EXPERIMENTAL APPROACH

Accordingly, we studied the effects of a recently described, small molecule anti-fibrotic drug, 3-methoxy-4-propargyloxycinnamoyl anthranilate (FT011, Fibrotech Therapeutics, Australia), which should have these effects.

KEY RESULTS

In the in vitro setting, FT011 inhibited both TGF-β1 and PDGF-BB induced collagen production as well as PDGF-BB-mediated mesangial proliferation. Consistent with these in vitro actions, when studied in a robust model of non-diabetic kidney disease, the 5/6 nephrectomised rat, FT011 attenuated the decline in GFR, proteinuria and glomerulosclerosis (p<0.05 for all). Similarly, in the streptozotocin-diabetic Ren-2 rat, a model of advanced diabetic nephropathy, FT011 reduced albuminuria, glomerulosclerosis and tubulointerstitial fibrosis.
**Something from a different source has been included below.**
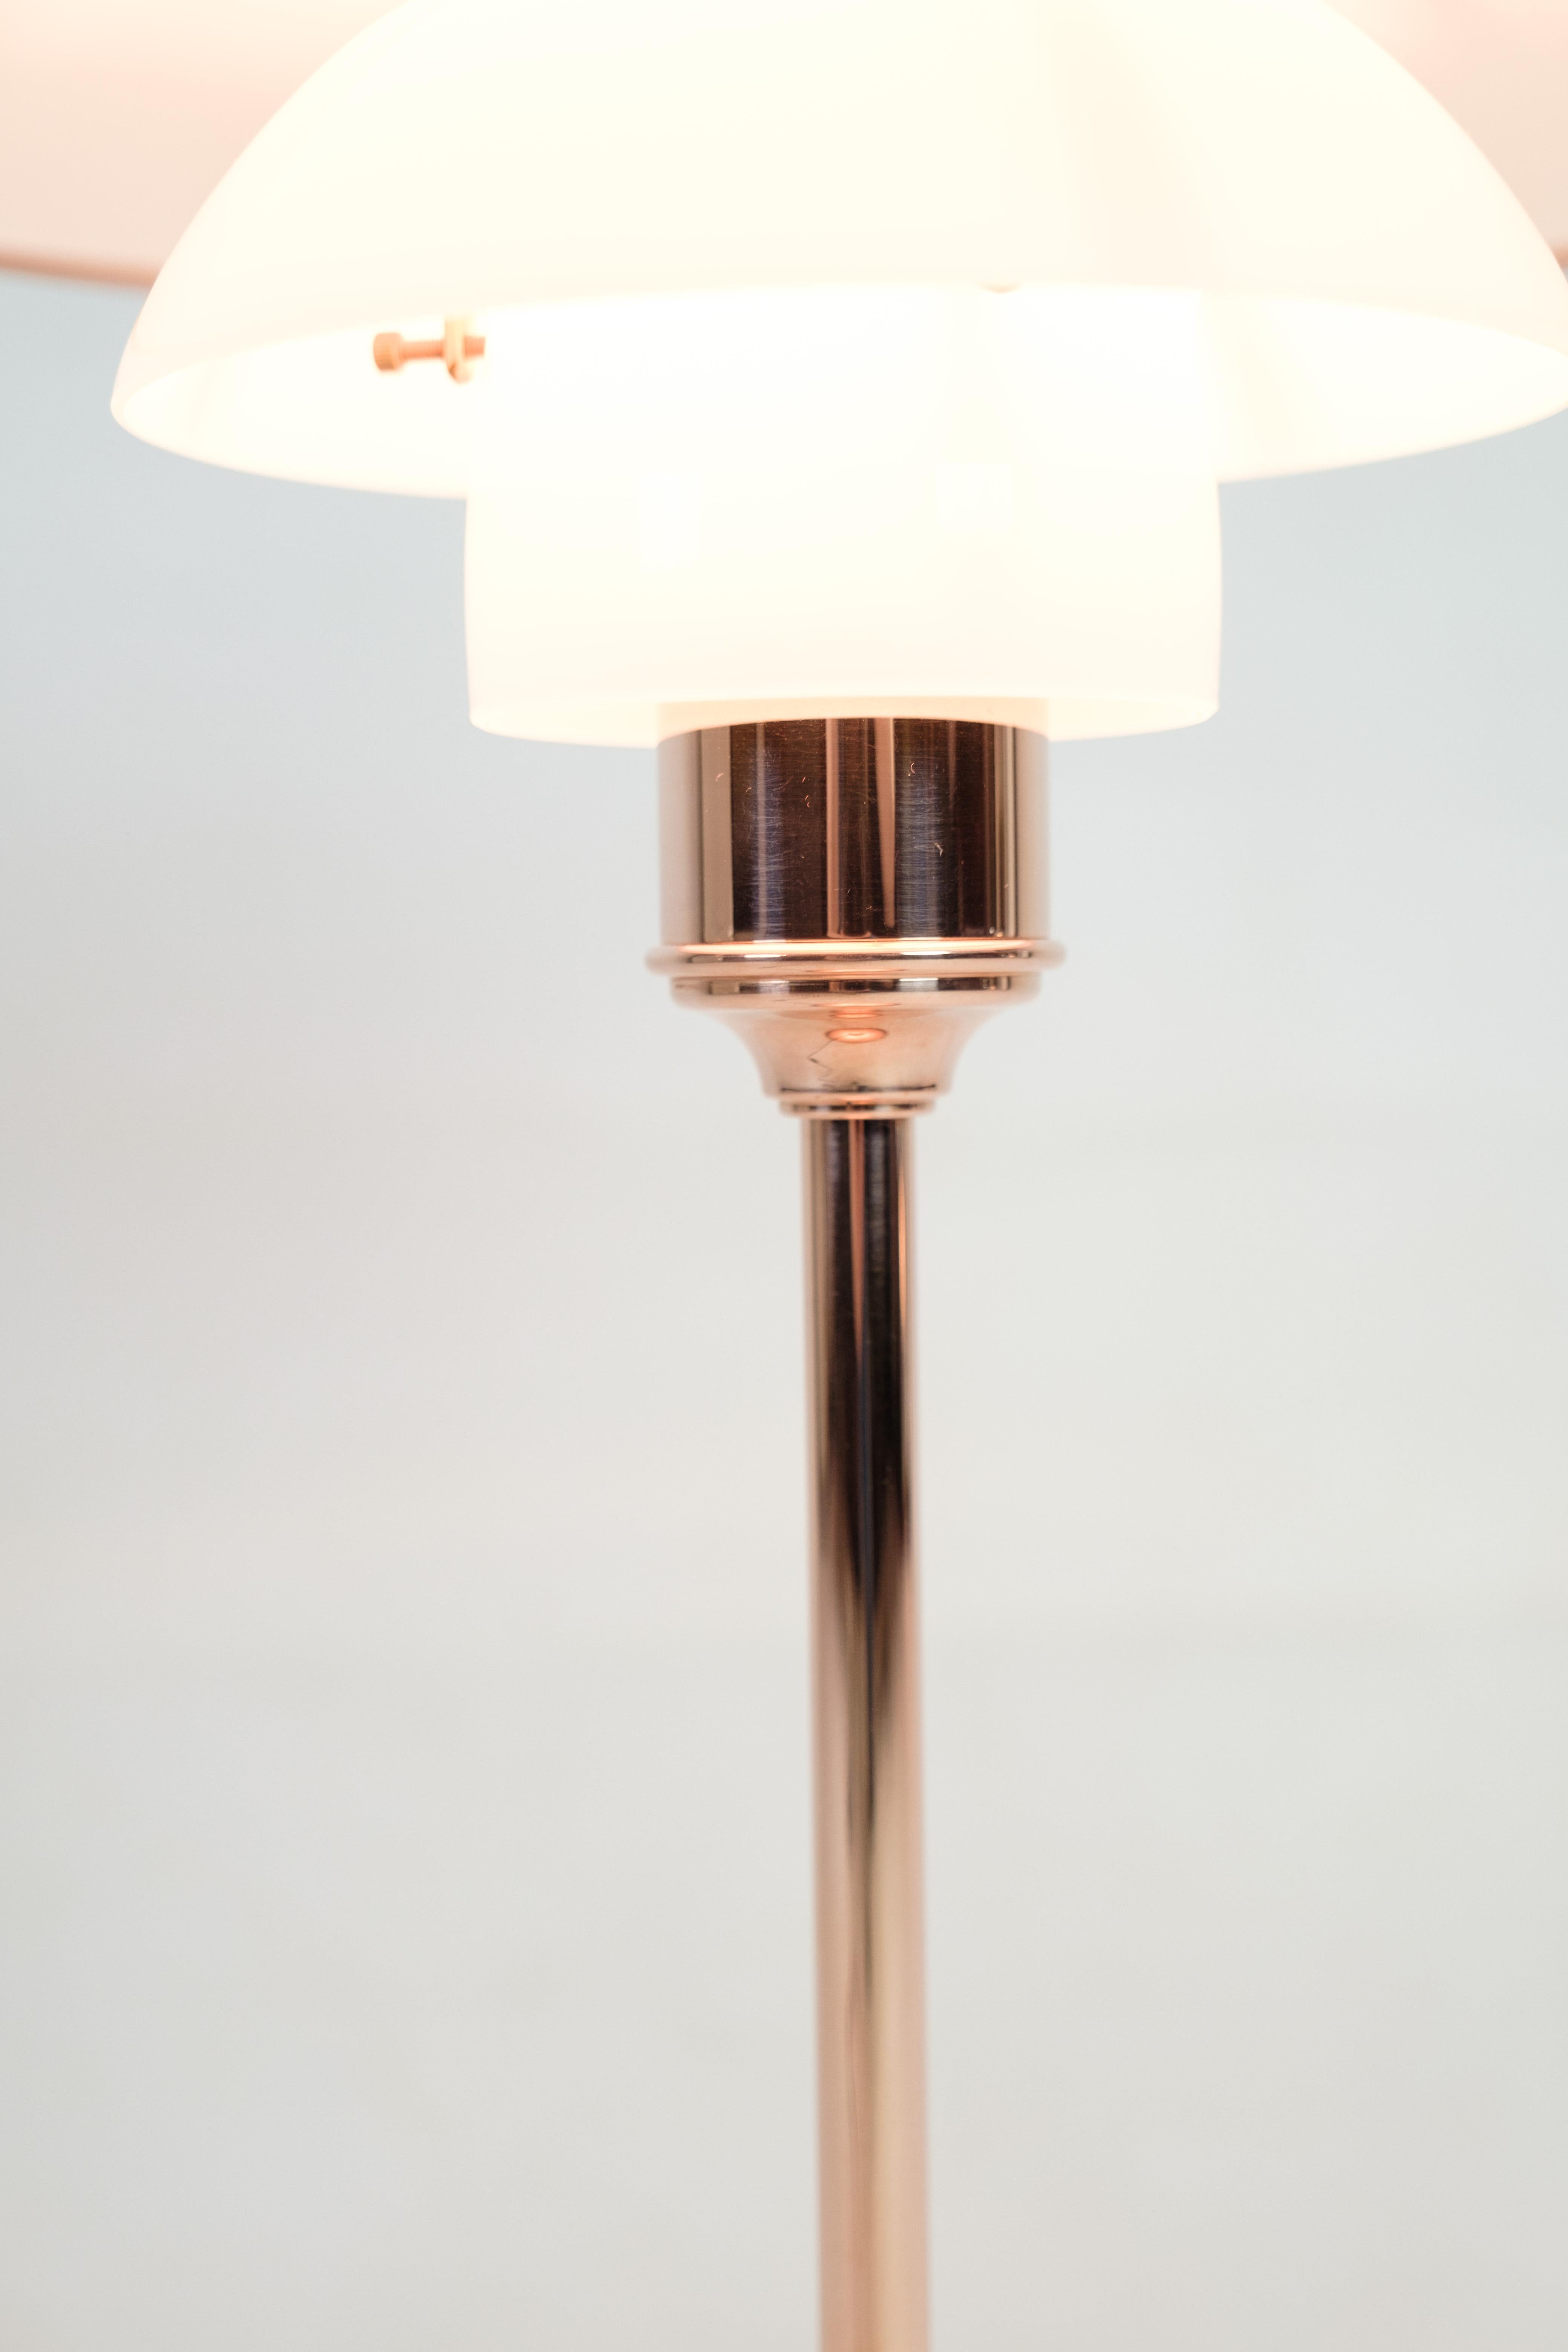 PH Table Lamp, Model Ph3½-2½, Limited Edition, Poul Henningsen, Louis Poulsen In Excellent Condition For Sale In Lejre, DK
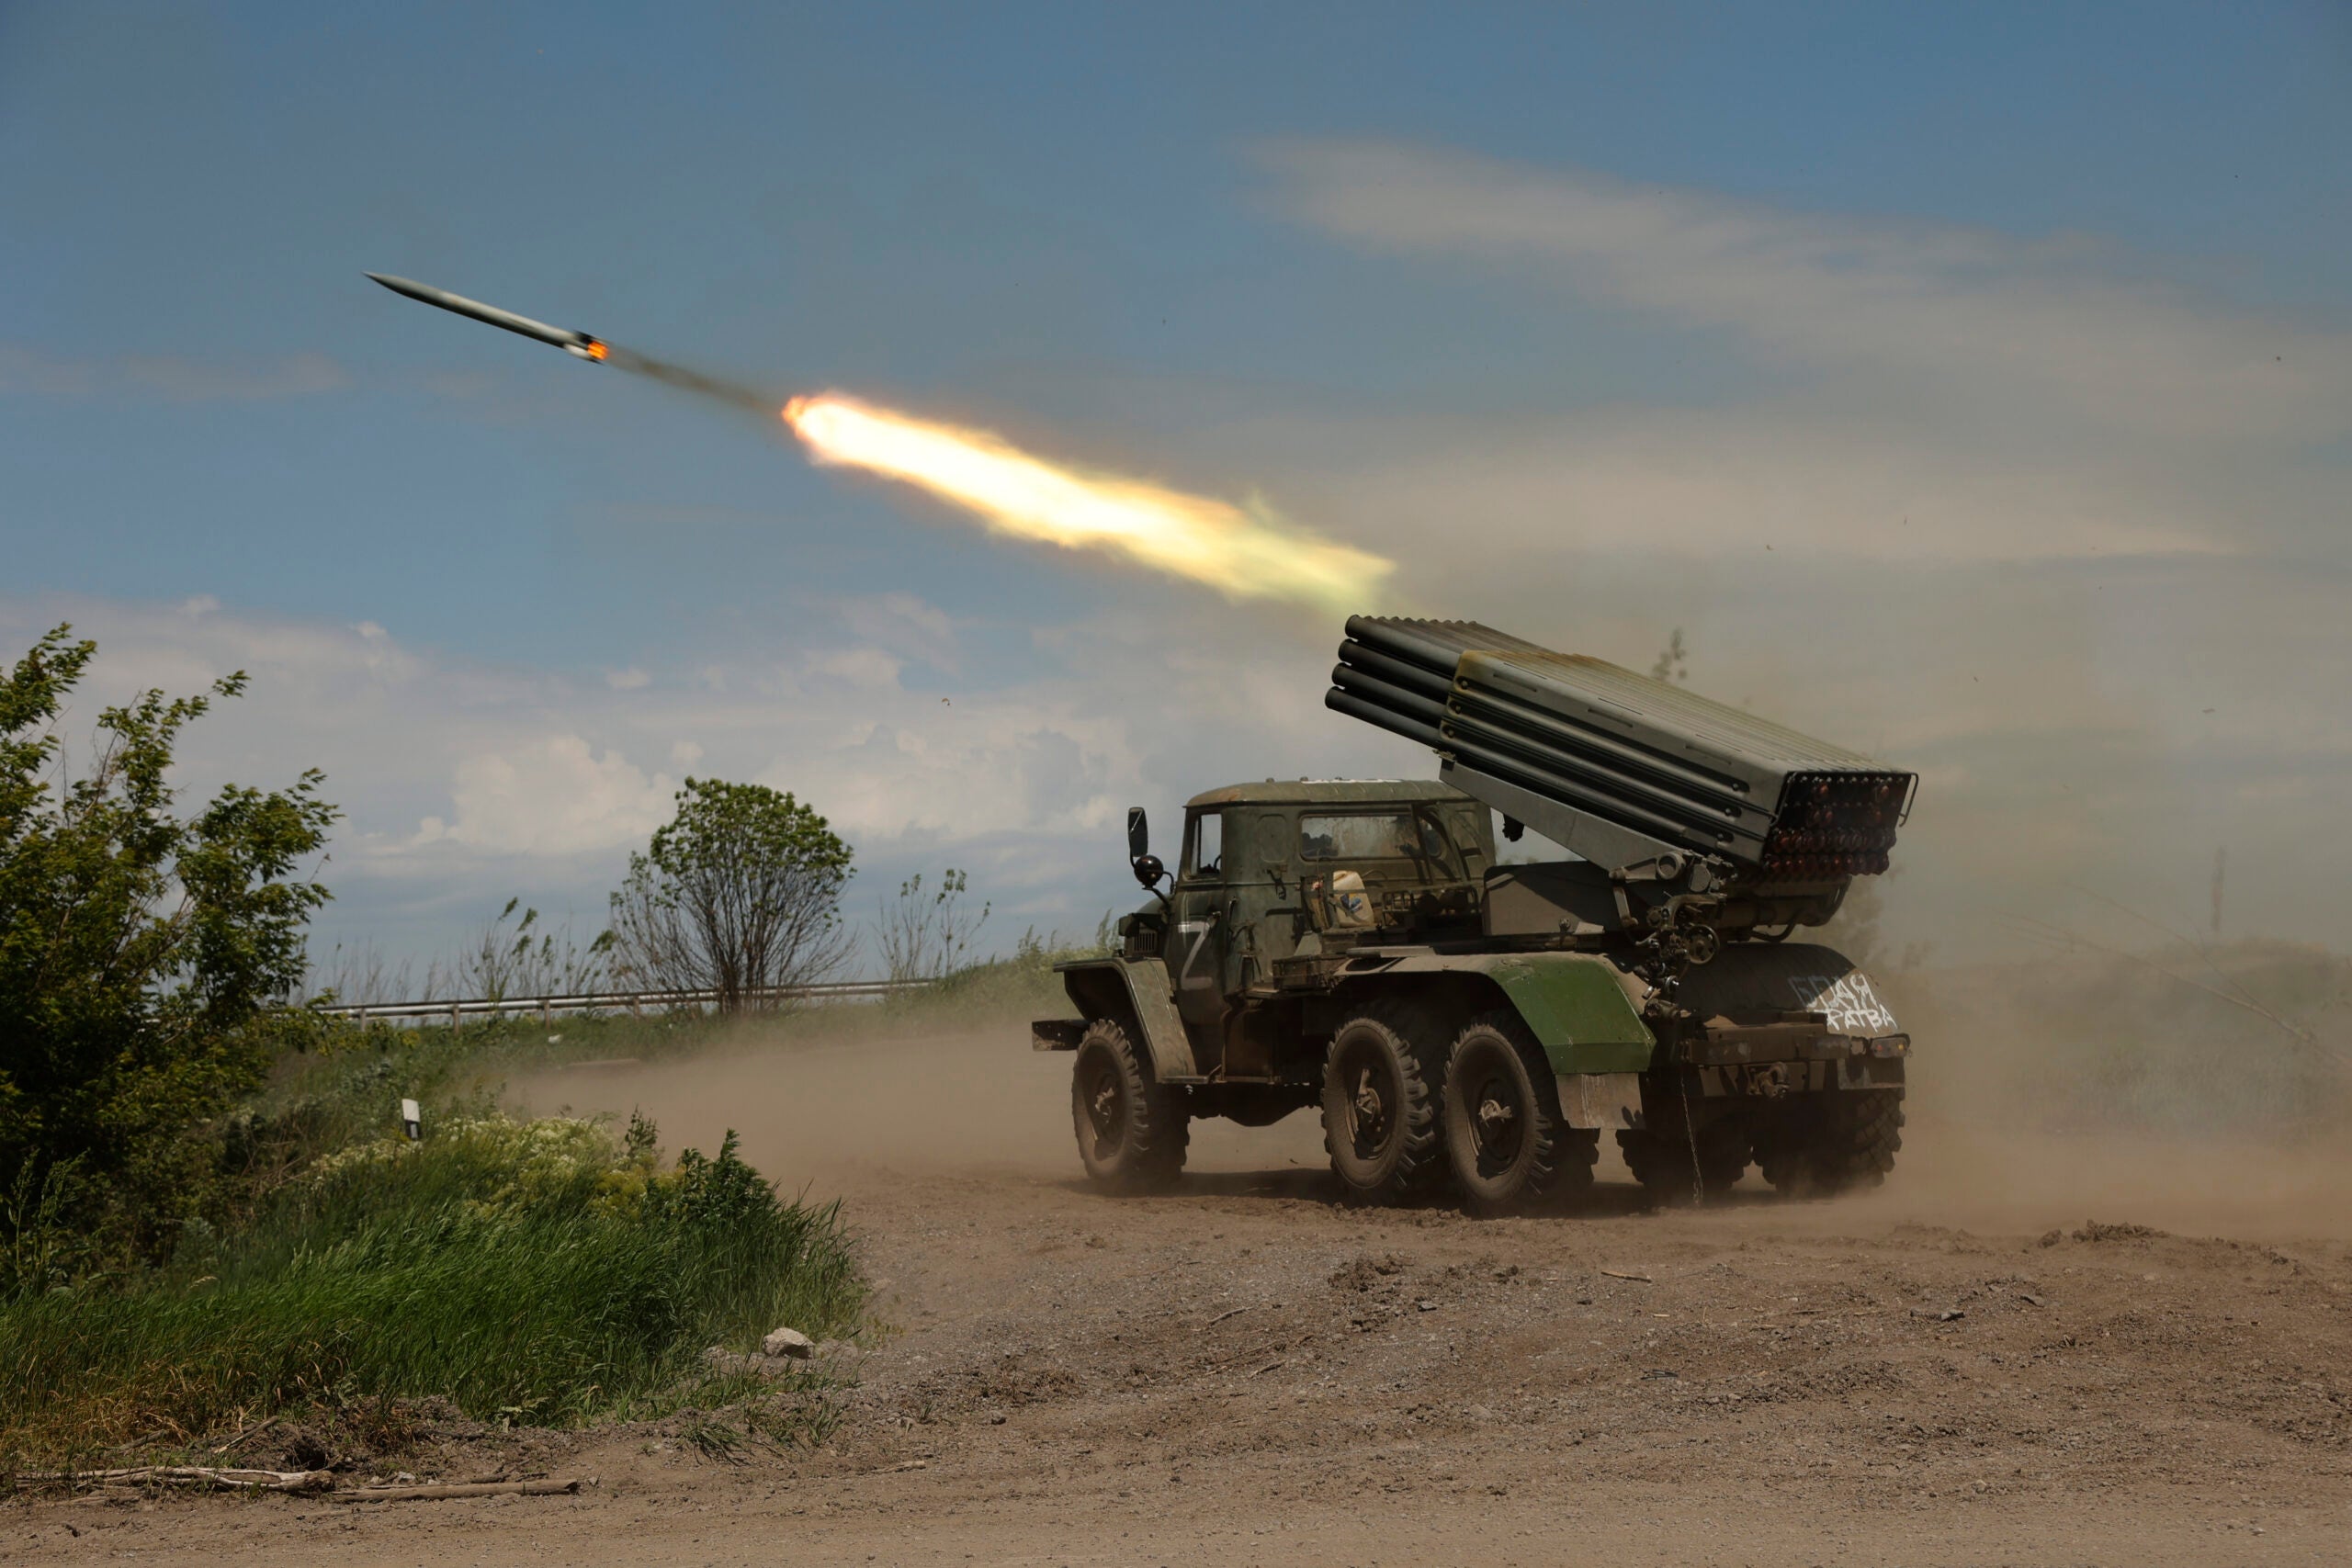 Russia is hammering Ukraine with up to 60,000 artillery shells and rockets every day

CONCLUSIONS AND IMPLICATIONS

Together these studies suggest that broadly antagonising growth factor actions, including those of TGF-β1 and PDGF-BB, has the potential to protect the kidney from progressive injury in both the diabetic and non-diabetic settings.

摘要

背景与目的

局部活性生长因子与许多器官纤维化是特征性表现的疾病的发病机制有关。在慢性肾脏病(CKD)中,两种促纤维化因子,转化生长因子-β(TGF-β)和血小板衍生生长因子(PDGF)已成为干预的潜在主要靶点。鉴于单独阻断 TGF-β或 PDGF 的作用提供的不完全器官保护,我们试图确定抑制这两种因子作用的药物是否可能具有更广泛的作用,从而改善 CKD 的关键结构和功能异常。

实验方法

因此,我们研究了一种最近描述的小分子抗纤维化药物 3-甲氧基-4-丙烯酰氧基肉桂酰邻氨基苯甲酸酯(FT011,Fibrotech Therapeutics,澳大利亚)的作用,该药物应该具有这些作用。

主要结果

在体外环境中,FT011 抑制 TGF-β1 和 PDGF-BB 诱导的胶原产生以及 PDGF-BB 介导的系膜增殖。与这些体外作用一致,当在非糖尿病肾病的强大模型中进行研究时,5/6 肾切除术大鼠,FT011 减轻了 GFR、蛋白尿和肾小球硬化的下降(所有 P<0.05)。同样,在链脲佐菌素诱导的糖尿病 Ren-2 大鼠中,一种晚期糖尿病肾病模型中,FT011 减少了白蛋白尿、肾小球硬化和肾小管间质纤维化。

结论和意义

这些研究表明,广泛拮抗生长因子作用,包括 TGF-β1 和 PDGF-BB 的作用,有可能保护肾脏免受糖尿病和非糖尿病环境中进行性损伤。